I was made aware that no matter how inordinate a project can be, if it is not controlled appropriately it can come undone. Therefore, socially responsible research design is important. Following the steps in O’Donnell’s (2011) blog How to make a simple Gantt Chart, I constructed this chart and a risk matrix to ensure that my time was used efficiently. O’Donnell (2011) implies that these processes engage to assessors that you have seriously thought about your research and its overall completion. These instruments proved to be beneficial. I constantly referred to the charts to make sure I was on par and they display my perseverance as a socially liable researcher.
Socially responsible research emphasises the need that individuals involved in research must be sufficiently communicated to, and actively engaged. The Office of Consumer Affairs (OCA) (2010) states that a communication plan guides interaction activities including communicating to a target audience and assessing objectives and outcomes. This made me recognise that it is socially important to create a communication strategy and follow tactics to understand and reach audiences and project aims. I alerted participants of my findings by making my research publicly available online. I found my use of personal language to be highly effective as a strategy to seem more relevant when sharing messages about project progression and audience participation. Through utilising Facebook, Twitter and WordPress I could personally interact with participants, particularly millennials. I found posting messages at peak online periods also generated more participation. I believe this plan led to a successful outcome. I received over 90 respondents to my questionnaire, 6 of which openly participated in the focus group. Individuals interacted with my hashtags, links and blog according to its statistical analysis. It is a basic desire to want to know what you are involved in. Developing a communication plan allowed me to voice a clear project message, and represent myself to participants as socially responsible.
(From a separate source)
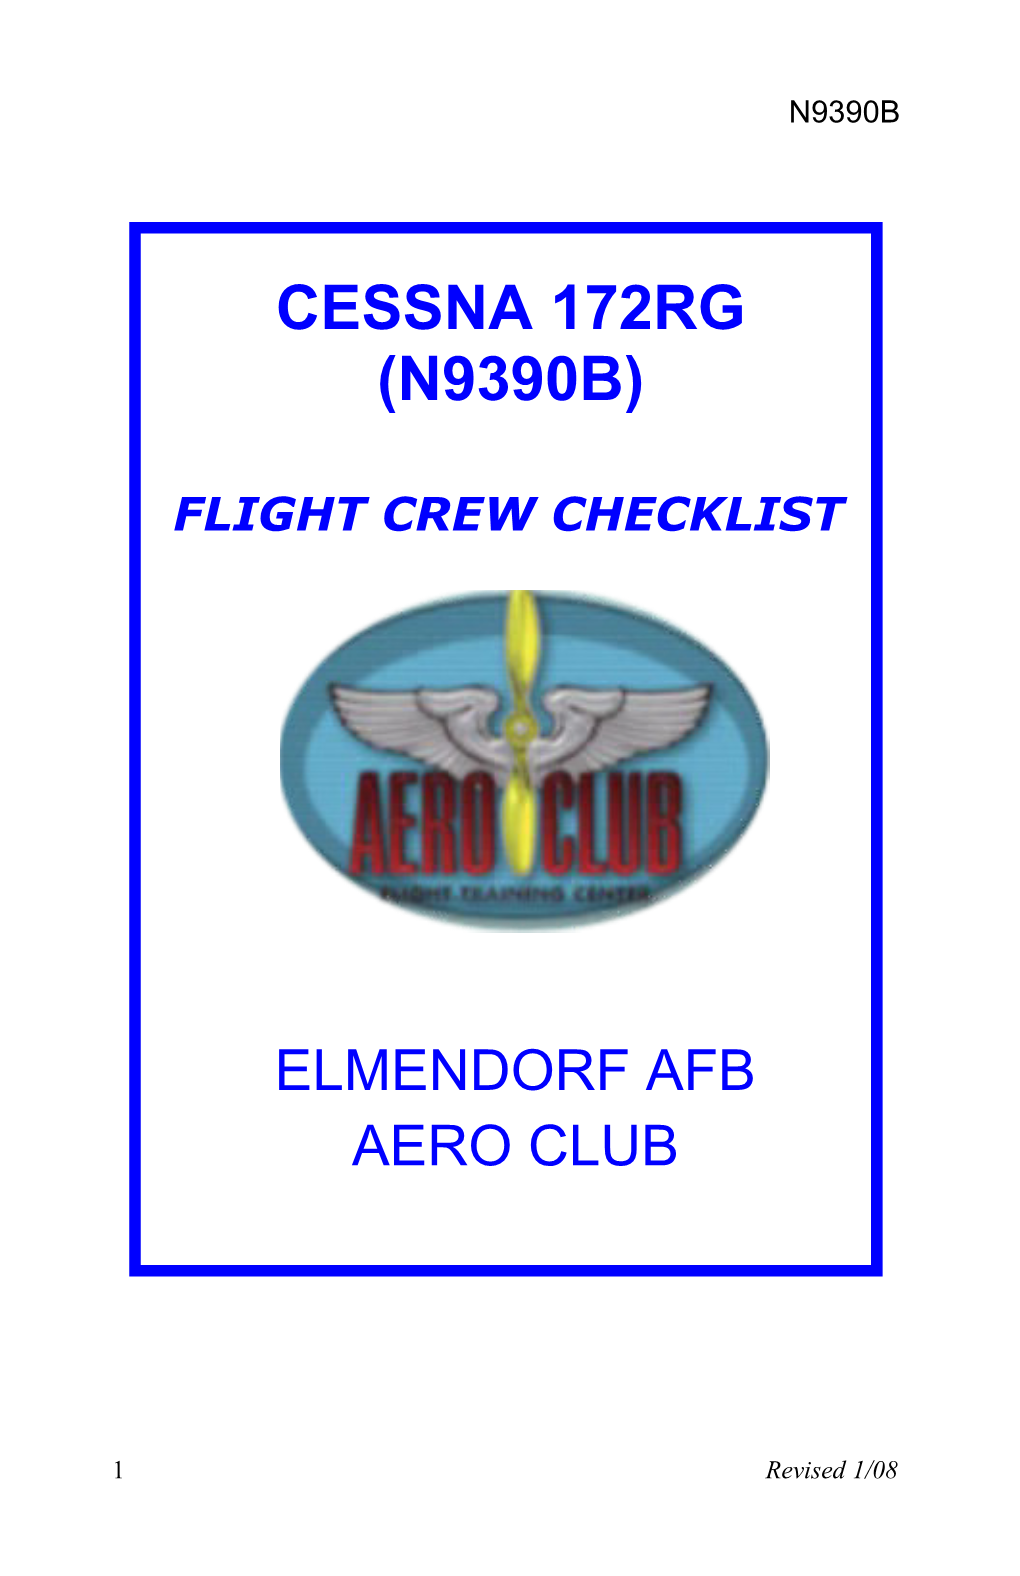 Flight Crew Checklist

Critical judgement was also discussed and its importance in ethical research. Resultantly, I used the CRAAP test in my background research to ensure the sources were Current, Relevant, Authentic, Accurate and Purposeful. Through a process of cross-checking and investigation this allowed me to eliminate sources that were impractical to support my investigation. Lupton (2016) allowed me to identify the risks of publication bias within academic work. This reflectively influenced my report, ensuring that my findings were balanced and not selective to the benefit of my paper. Critical judgement allowed me to collate a well-rounded set of background resources to compliment my research. I felt the greatest limitation was the significant lack of differing conclusions on online health information. This conversely helped me identify holes and lay a foundation and aim of research.
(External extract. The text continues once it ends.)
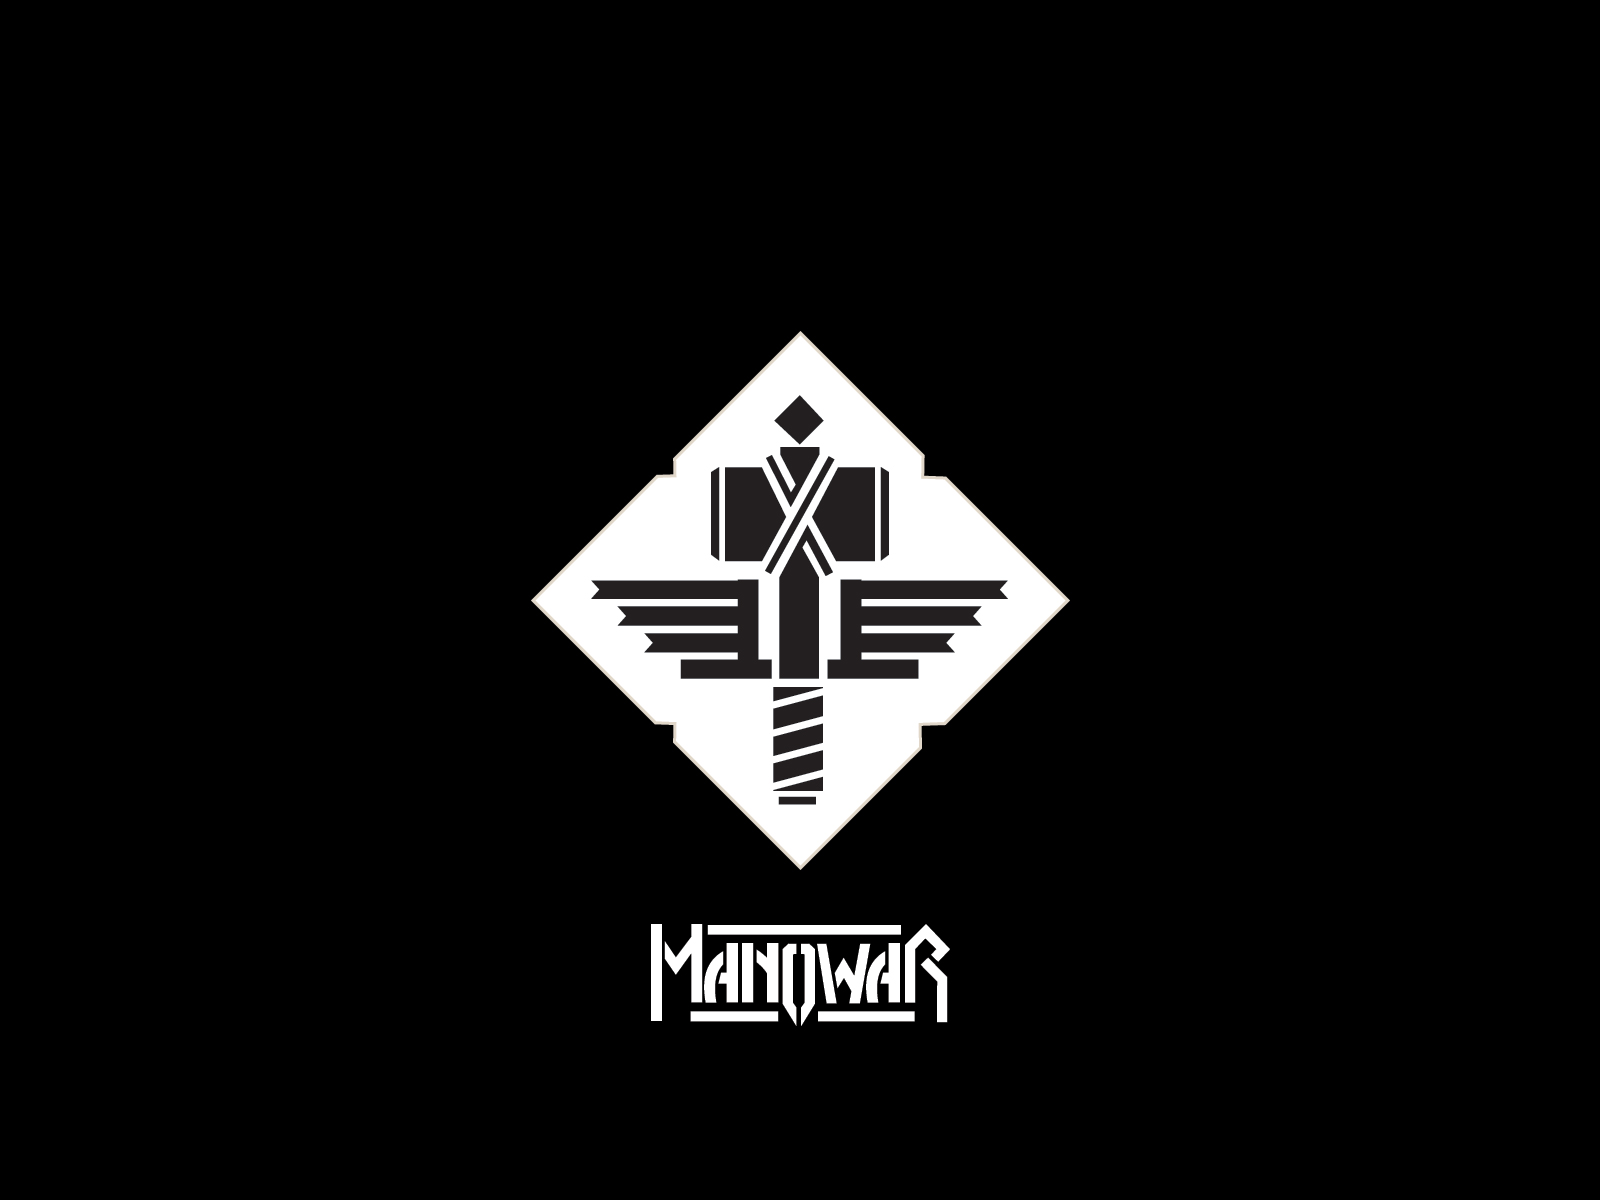 Music Manowar 1600x1200

I believe that respect and integrity need to be adhered to with any form of research. Social responsibility requires you to actively engage audiences in your research. To continue this involvement, one must maintain trust, by treating participants with respect (Pieper, 2014). The Lean Research Framework (2015) and its principles, Rigor, Respectful, Relevance and Right-size support that ethical research can only be successful if respect is prioritised. I prioritised my respect for participants by ensuring their involvement was not obligatory. I maintained respect through gaining ethically sound consent, detailed at the beginning of my survey questionnaire and focus group. By offering a clear informed consent process, assuring anonymity, I hoped I would represent individuals wish to feel comfortable to participate. Relevance was maintained by communicating my research progress to my stakeholders. This allowed participants to see their project contribution as well as allowing me to show my appreciation as a respectful researcher. This worked efficaciously, demonstrated by the responses I received in my methods. Individuals did not lose a willingness or interest due to the utilisation of respectful ethics.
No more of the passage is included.